I think it'll take us all a while to get used to that. I hope wherever the hell Steve Rogers is, he's happy. The man deserves that. 

**Op Ed piece in the Brooklyn Heights**

\--

Spotted at the Line of Heroes Gala--Steve Rogers in a custom designed suit, escorting Bucky Barnes. Both Rogers and Barnes stopped for photographers, though Barnes seemed anxious and Rogers cut their time on the red carpet short. Throughout the evening, Barnes relaxed with friends--all Avengers present made a point to talk with them both--while Rogers remained attentive and close to longtime friend. 

The pair danced together after Rogers gave a speech thanking attendees for their time and donations. 

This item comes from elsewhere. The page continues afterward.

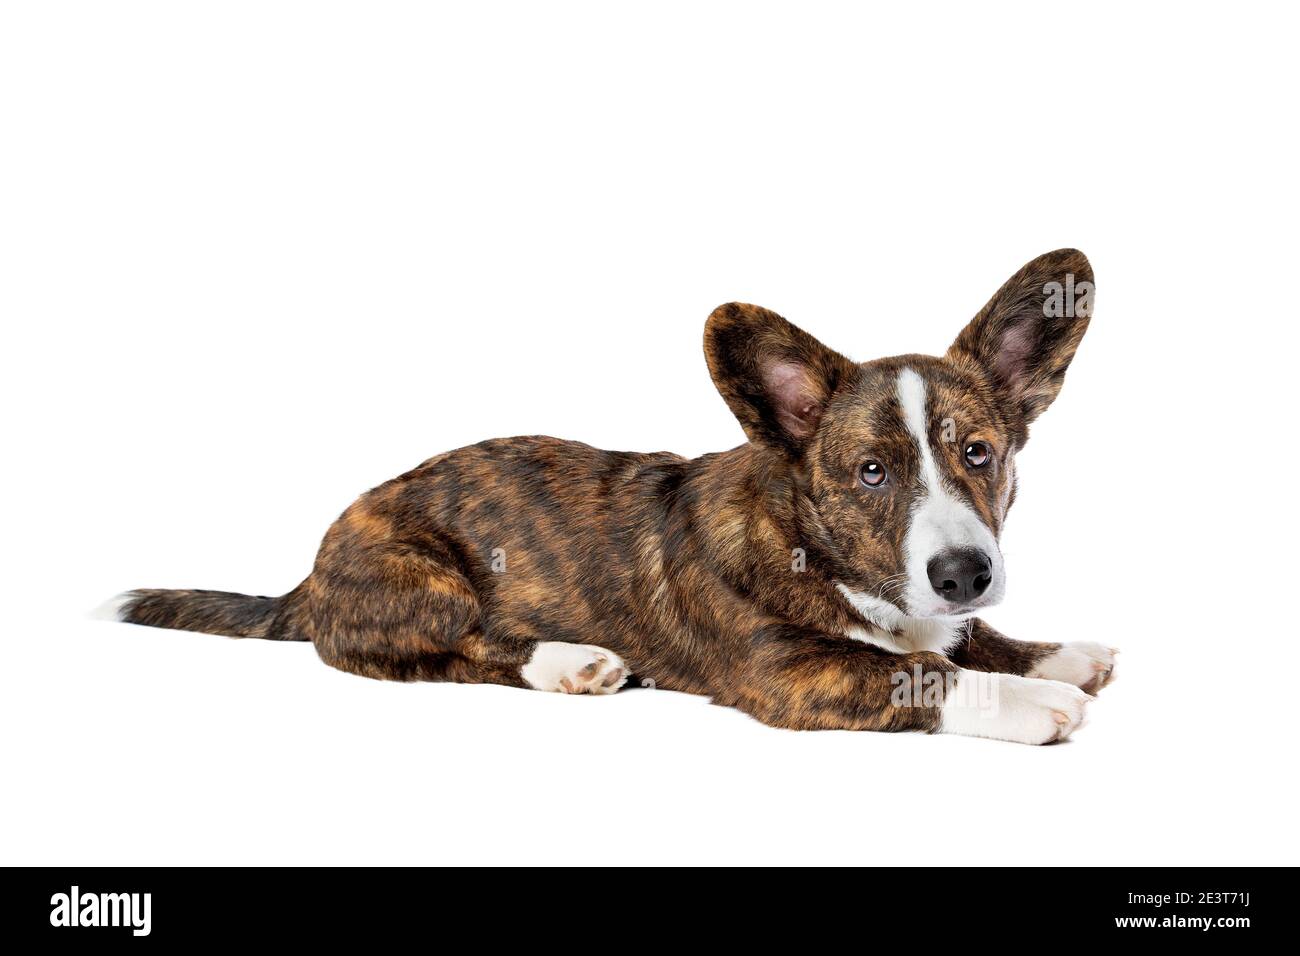 Brindle and white Cardigan Welsh Corgi dog in front of a white background  Stock Photo - Alamy

The Line of Heroes is a charity Rogers and Ms. Pepper Potts co-founded to bring disabled veterans the best medical and mental health care. 

Rogers and Barnes were in good spirits when leaving, and we managed to catch a photo of the pair, when Barnes caught Rogers' hand in his own, and pulled him in close, it dislodged a long silver chain. It would appear that Rogers, despite his retirement, still wears his dog tags, and what appears to be a man's wedding ring. 

Barnes seemed especially pleased by the sight of that. One can only speculate what the tokens mean for these two, and who they belong to. 

In either case, we wish Barnes and Rogers a happy retirement and all the joy in the world. 

**Heroes Gala: Steve Rogers and Bucky Barnes, The New York Times **

~*~ 

There's a moment. 

You think, it won't come. It can't. Not for people like you. 

But there's a moment and it's worth it, it's worth waiting for. 

A moment when you step through his door and his eyes smile and his lips are soft under yours and the war is over. 

There's a moment, when you're home. 

**J.B. Grant, Winter’s End**

**Author's Note:**

> Thank you so much for sticking with me and this little story! I hope you loved reading it as much as I loved writing it!